Appendix A Experiment details: Trained-from-scratch transformers

Each subvector belongs a particular “subvector class”, and each subvector class is characterized by a different centroid. The subvectors are sampled from a multivariate normal centered on that centroid. A “stimulus class” is the concatenation of two subvector classes, and a stimulus is a sampling from a stimulus class. Example stimuli are shown in Fig 4. This design is a 64-dimensional generalization of the 2-D classification example from Dasgupta et al. , and ensures that there is no a priori bias towards one feature or another.

Number of features per stimulus: 2 | Feature length: 32 | Number of classes per feature: 10 | Number of values per class: 100 | Covariance scaling on the per-class normal distributions: 0.1

A.2 Pretraining for few-shot learning

To pretrain the model for in-context learning, we pretrained the model on few-shot (4-shot 3-way) sequences, i.e. sequences for which the context consisted of 3 different stimulus classes each repeated 4 times, and where the query class was one of those 3 classes. The classes and labels were randomly assigned for each sequence.

A.3 Evaluating inductive biases

Models were trained and evaluated as shown in Figs 4(b) and 4(d).

An additional label ("2", in the example in Fig 4(b)) and corresponding examples were included in the partial exposure sequences, to ensure that if the model is equally likely to select the labels associated with "A" and "B", it is because of those examples’ similarity to the query stimulus, rather than because the model is selecting labels at chance. This was similarly done for training on partial exposure data in weights (not shown in Fig 4(d)).

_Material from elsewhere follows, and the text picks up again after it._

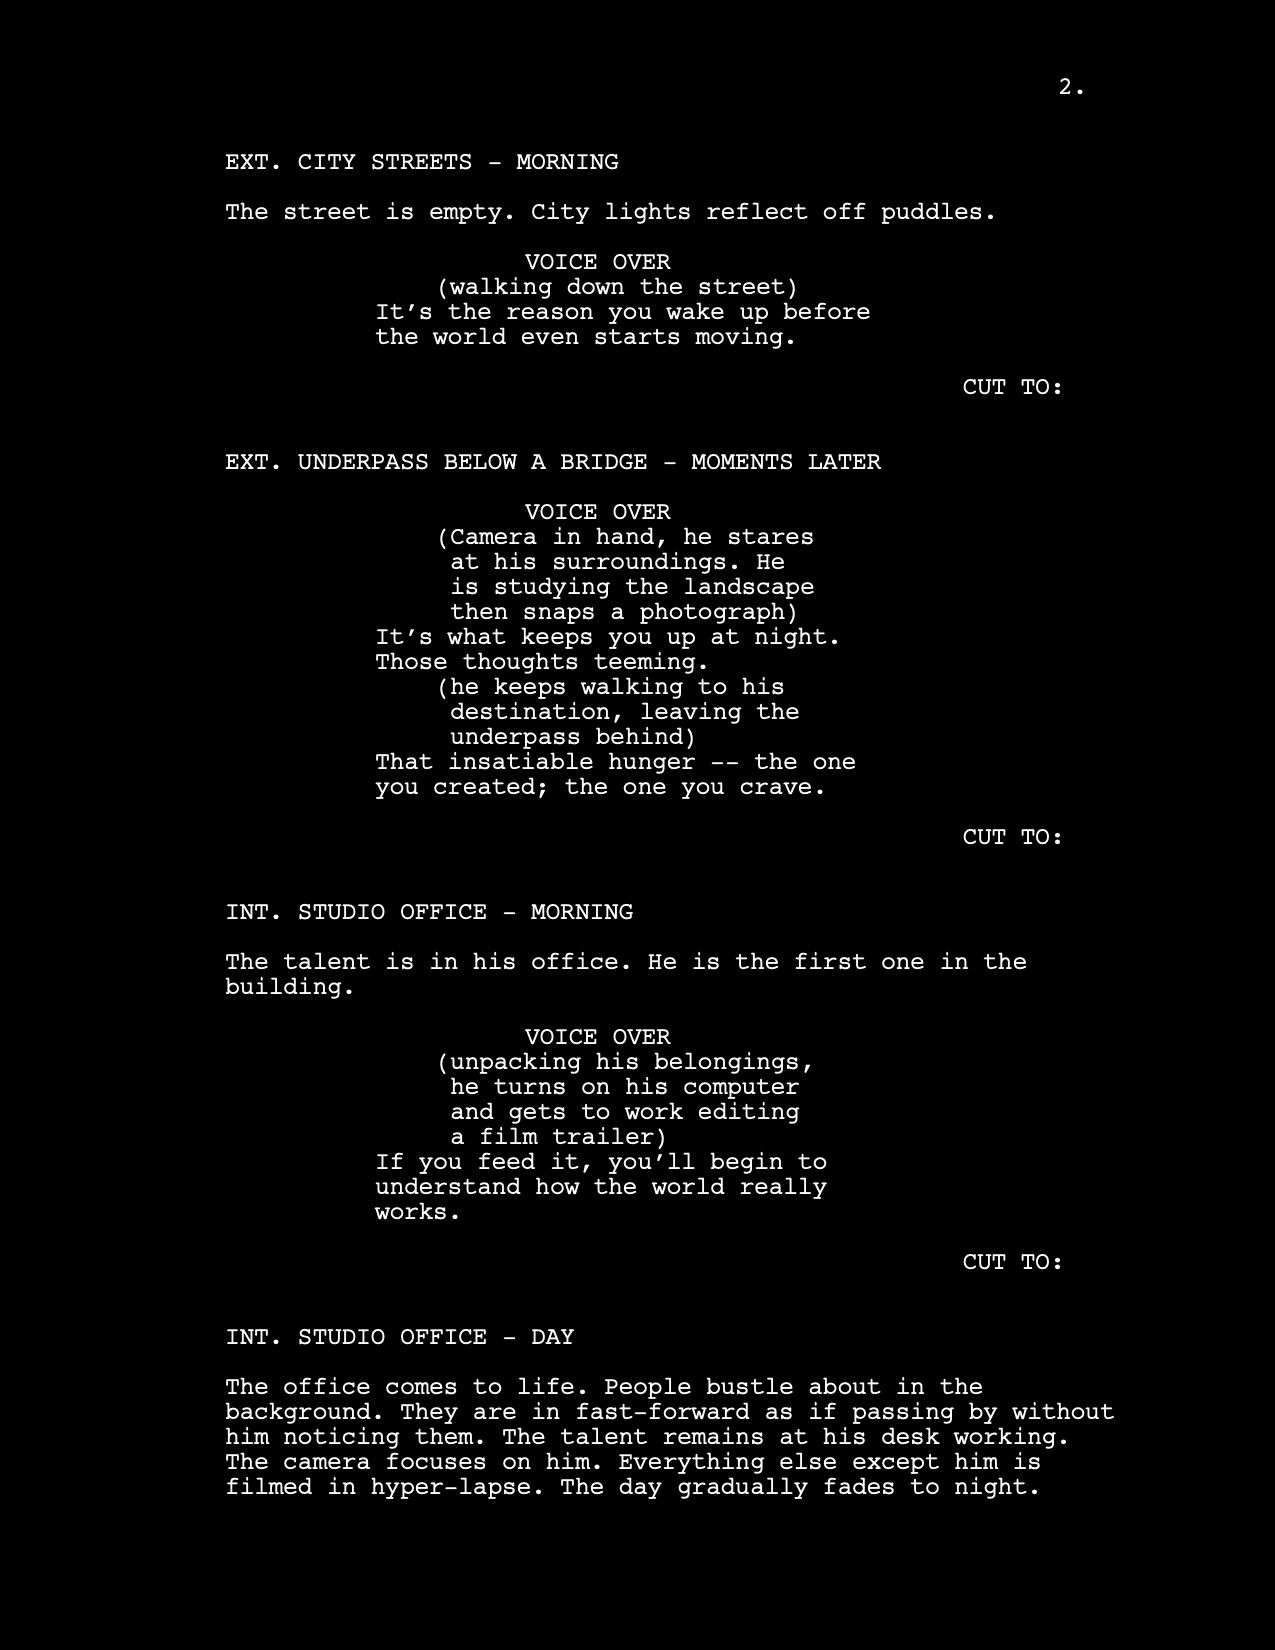 IU C&I Studios Page The X Campaign black script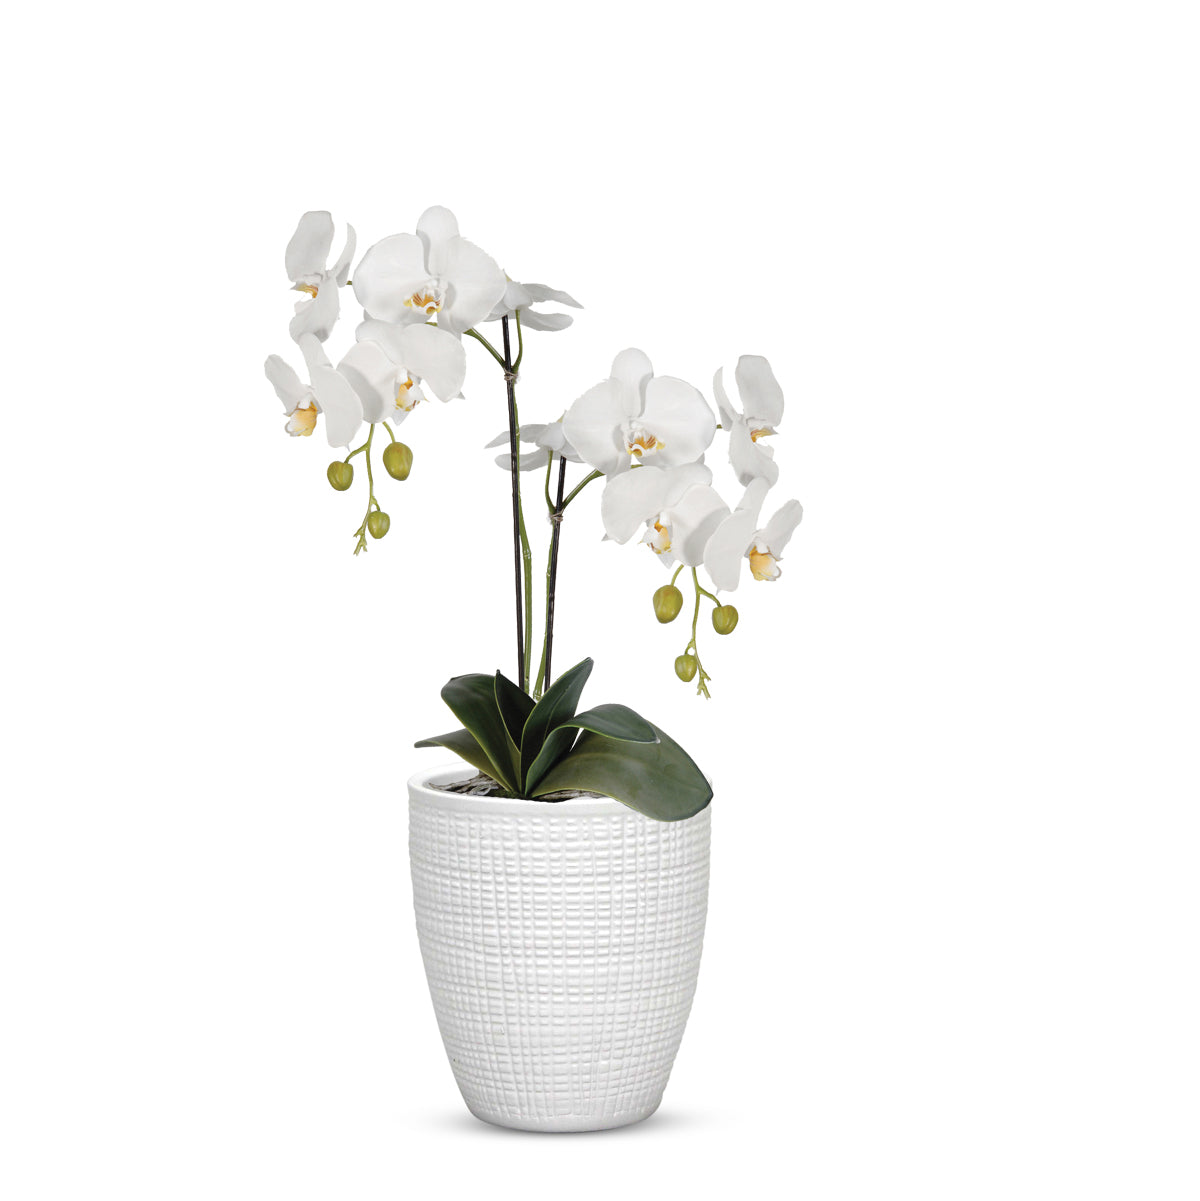 ELEGANTE: Corteza - European Style Small Flower Pot Panna White (5.5"H.) - Artistica.com

Note also that the BW stimulus was shown twice as often as other stimuli in the partial exposure data, as was done in Dasgupta et al. , in order to ensure that there is no bias induced by having one label more frequent than another. We also ran experiments where BW was not repeated, and the pattern of results was the same.

A.4 Pretraining for rule-based generalization

To pretrain the model for rule-based generalization, we used the partial exposure sequences shown in 4(b), but for training as well as for evaluation. In training, the label for the query BX was always the same as the label associated with BW in context (note that the stimuli and labels are randomly assigned, so that BX could be manifested as any of the stimulus classes, and the query label could be any of .)

A.5 Architecture, training, and evaluation details

Num layers: 12 | Embedding size: 64 | Optimizer: Adam | Batch size: 32 | Learning rate schedule: Linear warmup and square root decay, described as min(3e-4 / 4000 * global_step, power(4000, 0.5) * 3e-4 * power(global_step, -0.5))

For each experiment, we ran 16 TPUv3 cores and 4 v100 GPU cores for 200,000 training steps.

Models are evaluated on evaluation data throughout training, and bar plots in Fig 2 show evaluation outputs averaged over the last half of training (100k-200k steps). Error bars indicate 1.96 standard errors across 10 training runs (there is zero variance for the results in Figs 2(a) and 2(c)).

Appendix B Experiment details: Large language model experiments

See Fig 5 for example evaluation sequences.

In order to account for potential low-level word-order effects, we evaluated on four different formats for the stimuli (‘red circle’, ‘a circle that is red’, ‘an object that is circular and red’, ‘an object that is red and circular’). We found no significant differences in qualitative patterns across the different word orderings, so we report the average across all four formats in our results.

We also include more detailed information about the experiments using different model sizes in Fig 6. These show the raw performances (including model-specific controls) on all model sizes and feature sets.